** RECORDED INFORMATION follows **
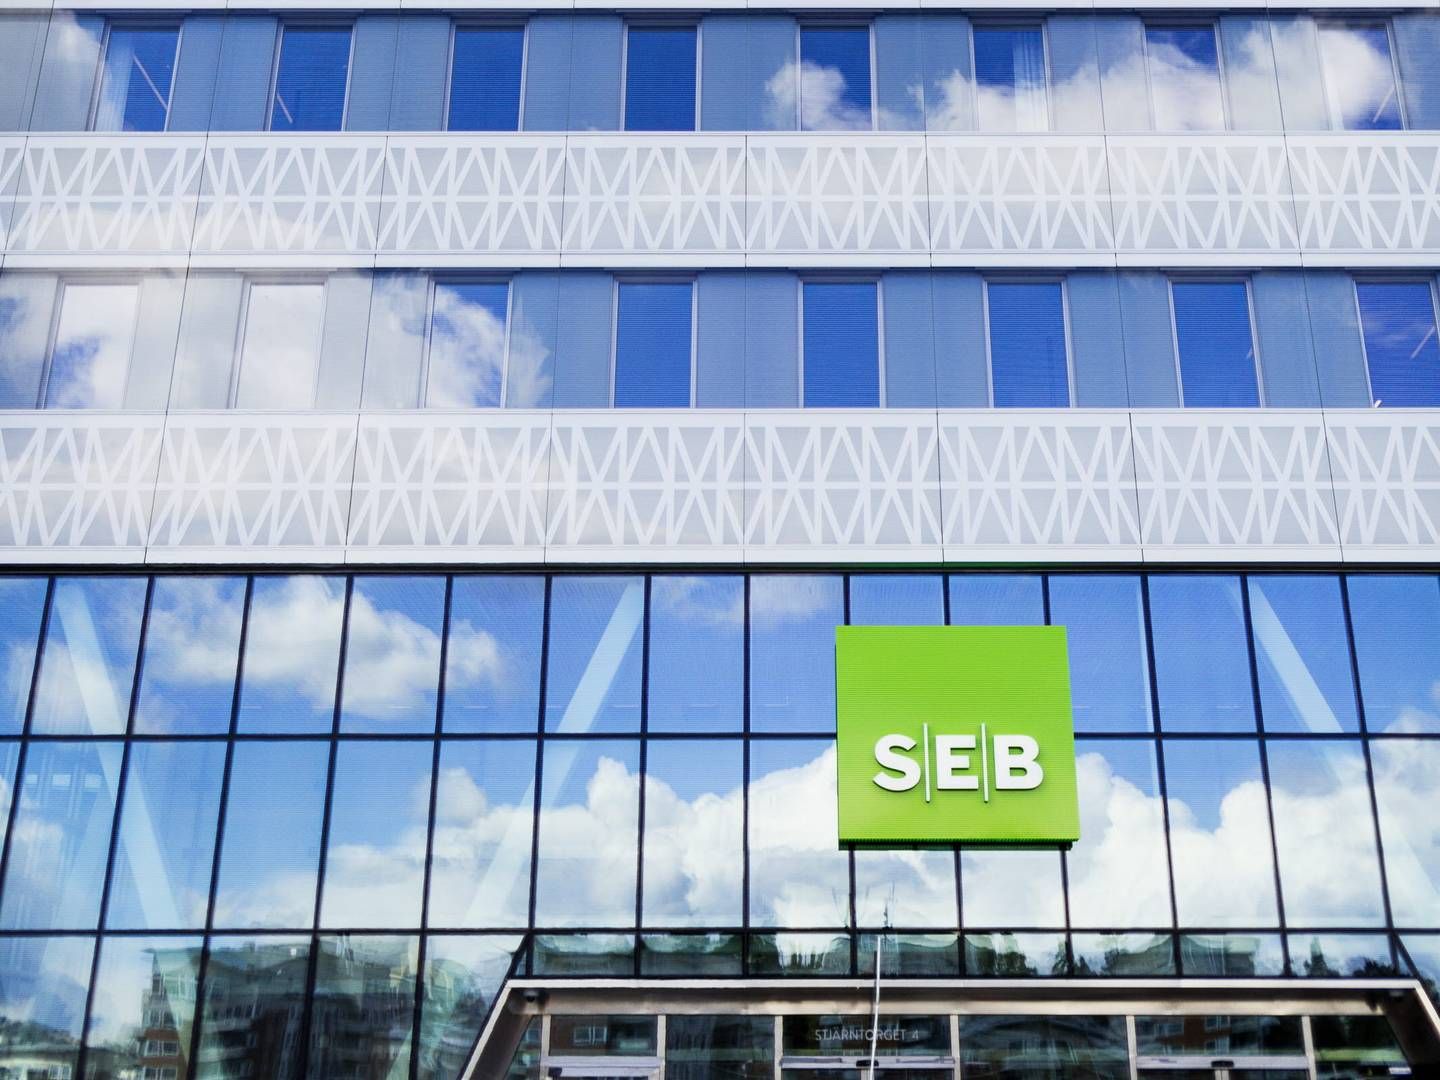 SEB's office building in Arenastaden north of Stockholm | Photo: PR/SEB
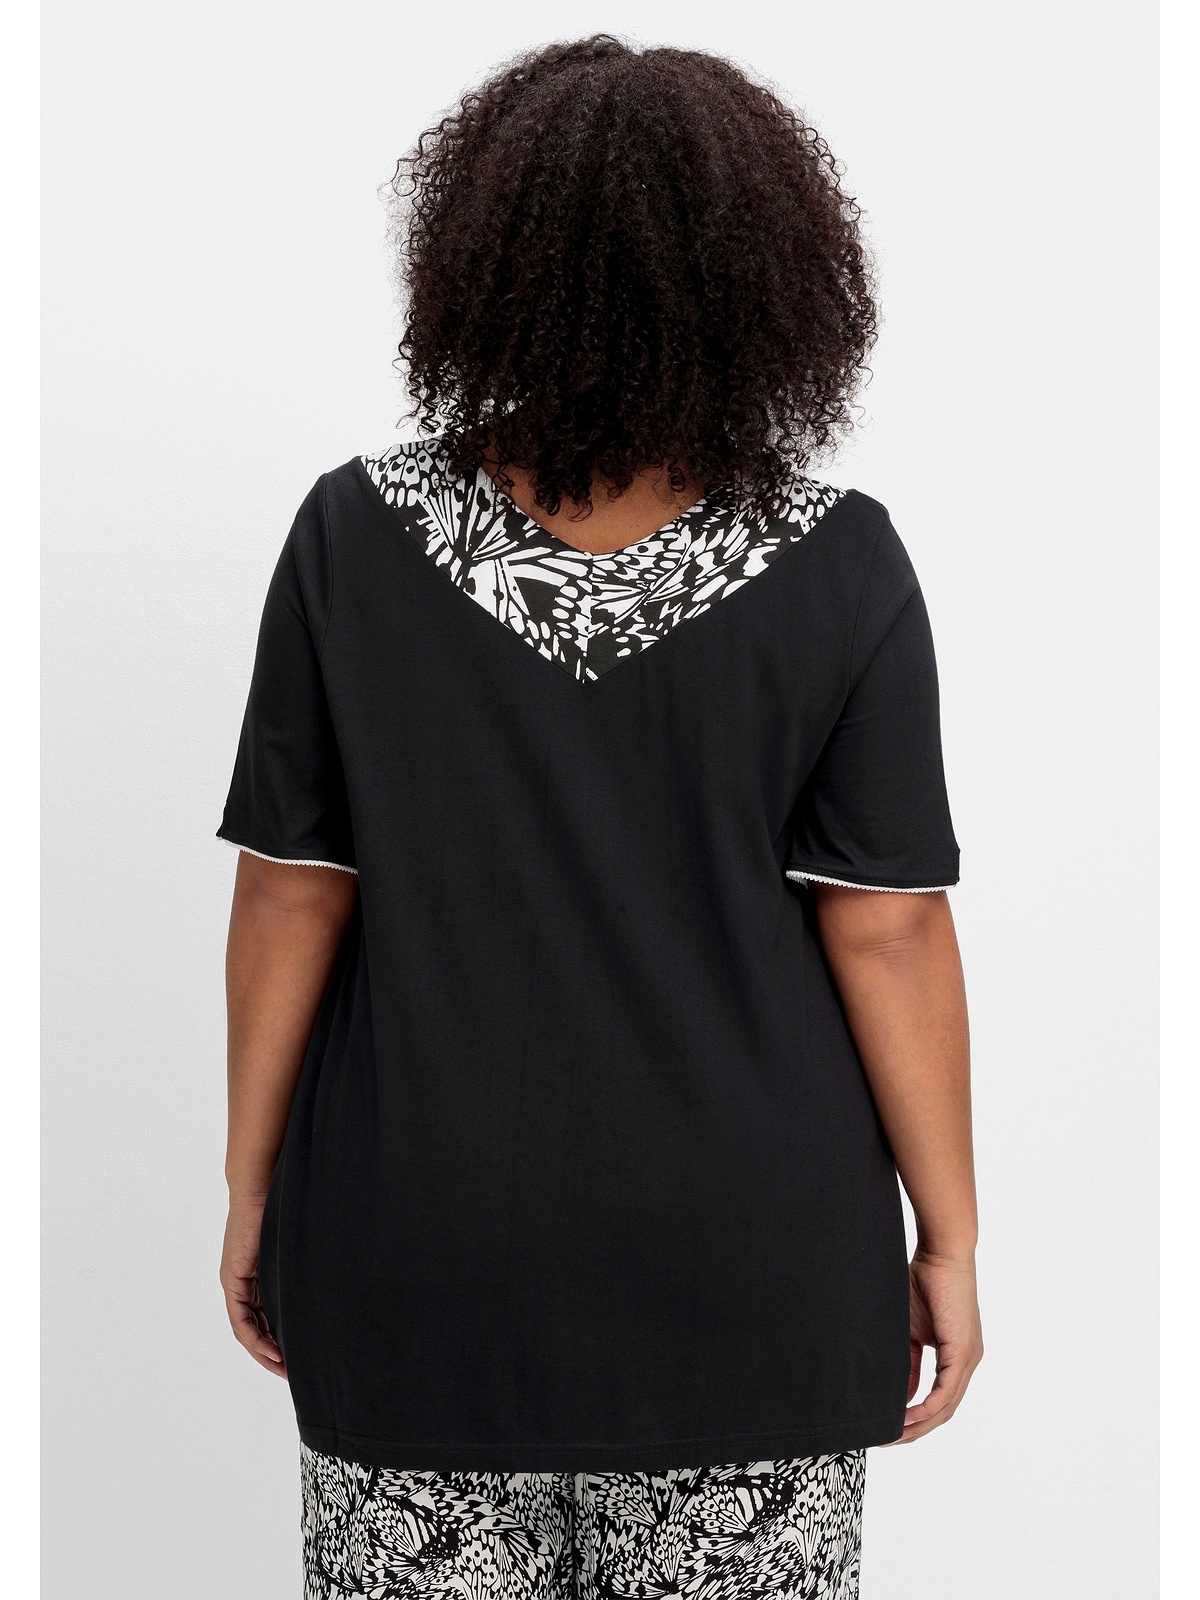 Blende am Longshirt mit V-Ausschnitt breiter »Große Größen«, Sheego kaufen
** End of RECORDED INFORMATION **
** RECORDED INFORMATION follows **
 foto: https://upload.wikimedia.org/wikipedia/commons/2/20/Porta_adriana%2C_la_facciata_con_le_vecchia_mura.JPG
** End of RECORDED INFORMATION **
*GOAL OF THE EXERCISE*: Nothing but the lines above from the line with "SEB's office building" up to and including the line with "Blende am Longshirt" should be returned, exactly as written and without pictures.

*SOLVED PROBLEM*:
 SEB's office building in Arenastaden north of Stockholm | Photo: PR/SEB
 Blende am Longshirt mit V-Ausschnitt breiter »Große Größen«, Sheego kaufen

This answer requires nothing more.